• [What is expected]: Write the data below out exactly as it stands. Do not include the pictures.

• [Available data]:

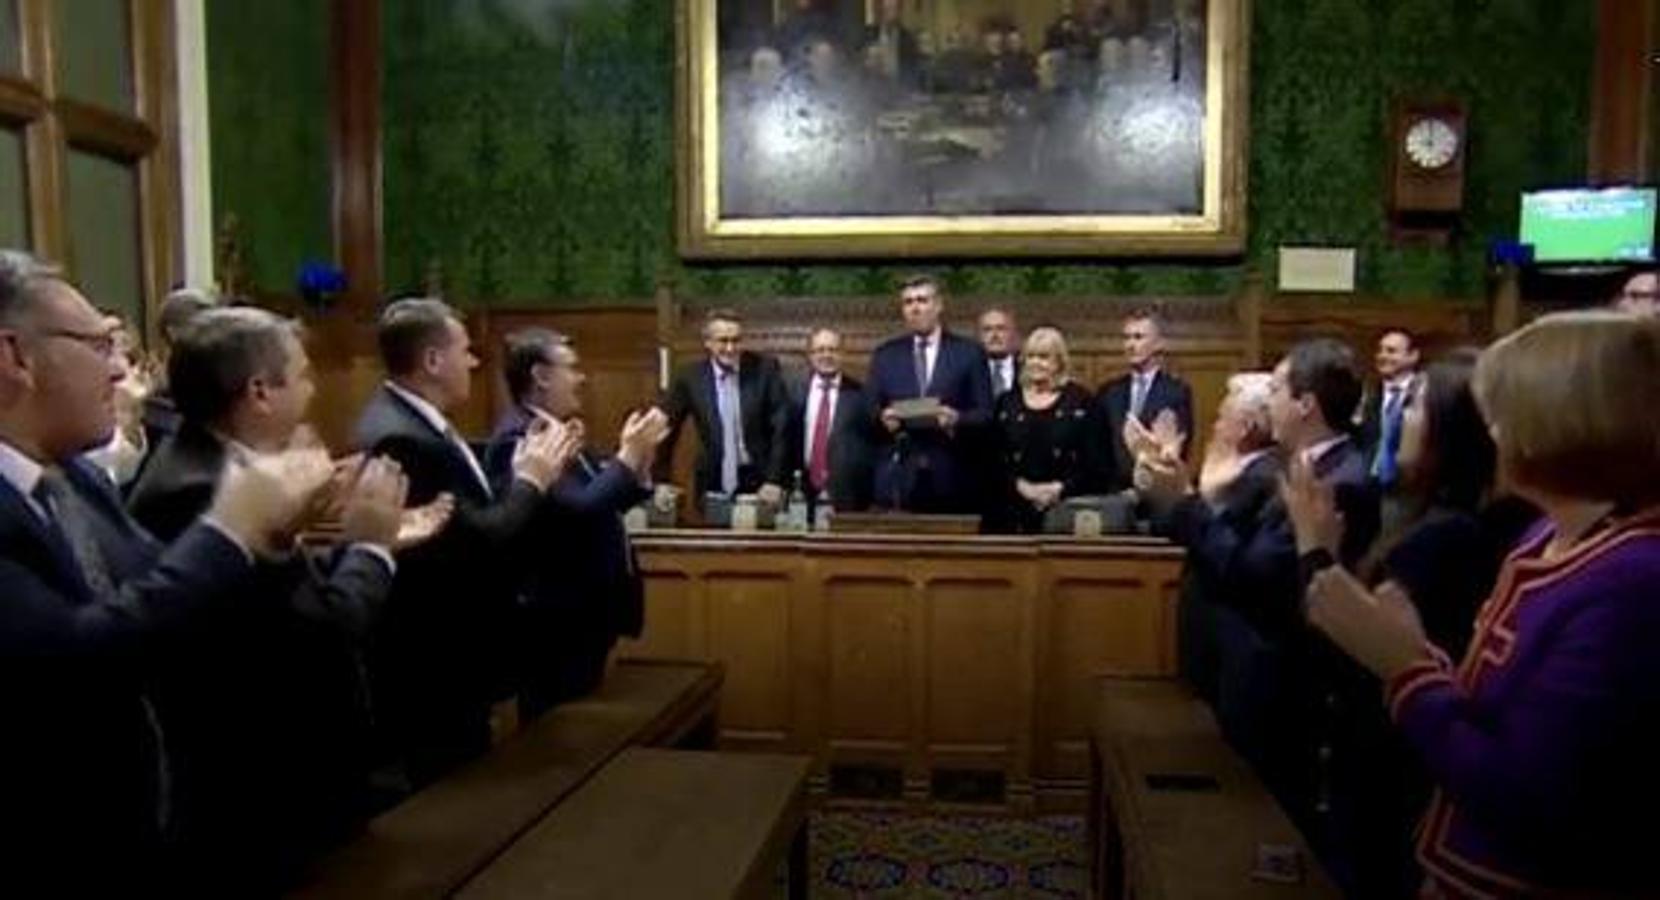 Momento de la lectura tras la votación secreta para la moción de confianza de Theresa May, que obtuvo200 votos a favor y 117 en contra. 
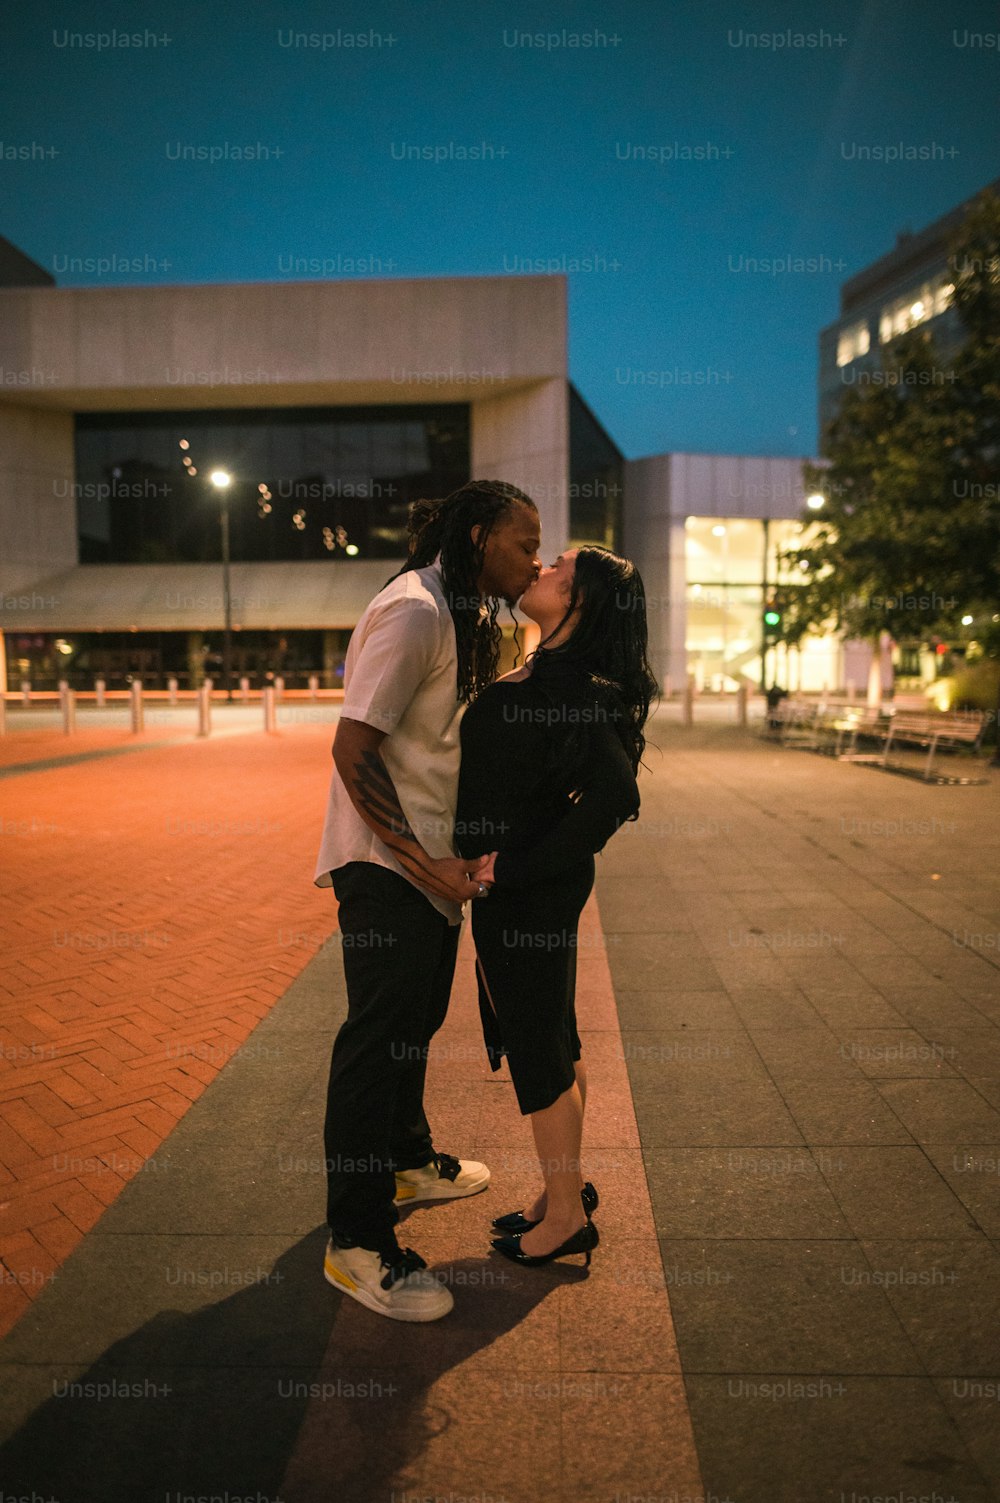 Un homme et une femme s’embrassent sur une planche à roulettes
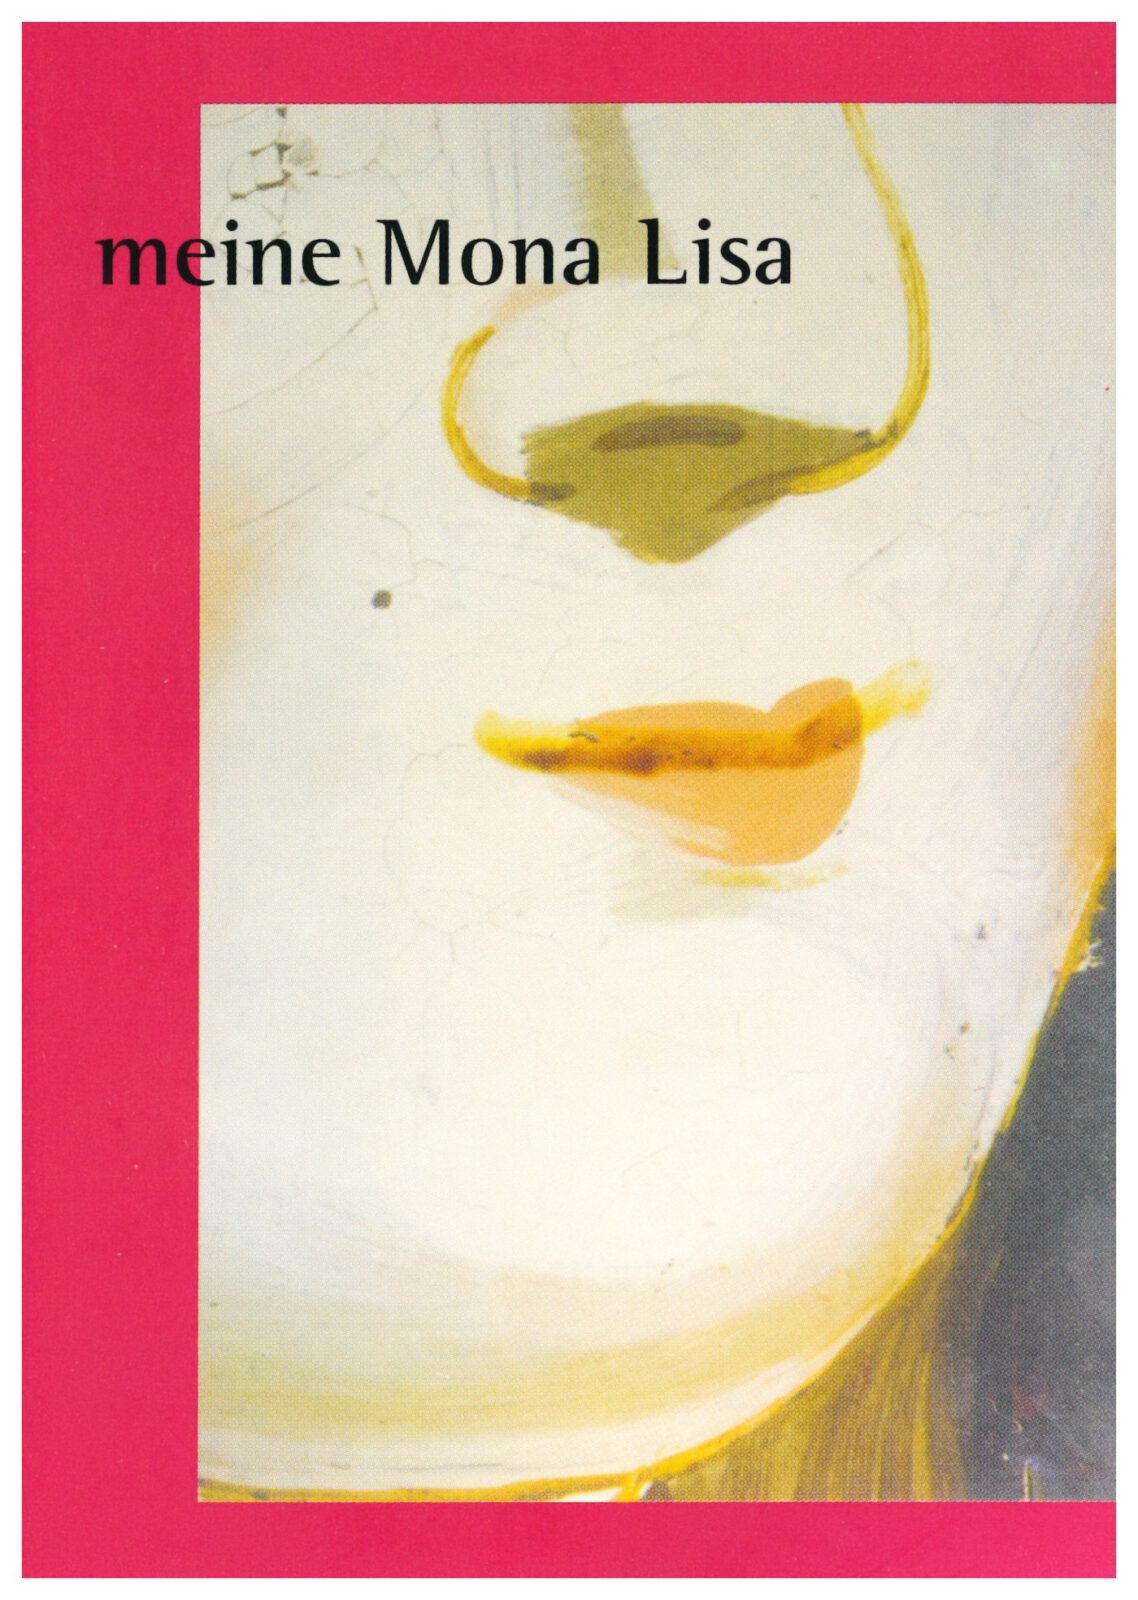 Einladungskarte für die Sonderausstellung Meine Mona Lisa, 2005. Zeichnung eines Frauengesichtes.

• [Exercise response]:
 Momento de la lectura tras la votación secreta para la moción de confianza de Theresa May, que obtuvo200 votos a favor y 117 en contra. 
 Un homme et une femme s’embrassent sur une planche à roulettes
 Einladungskarte für die Sonderausstellung Meine Mona Lisa, 2005. Zeichnung eines Frauengesichtes.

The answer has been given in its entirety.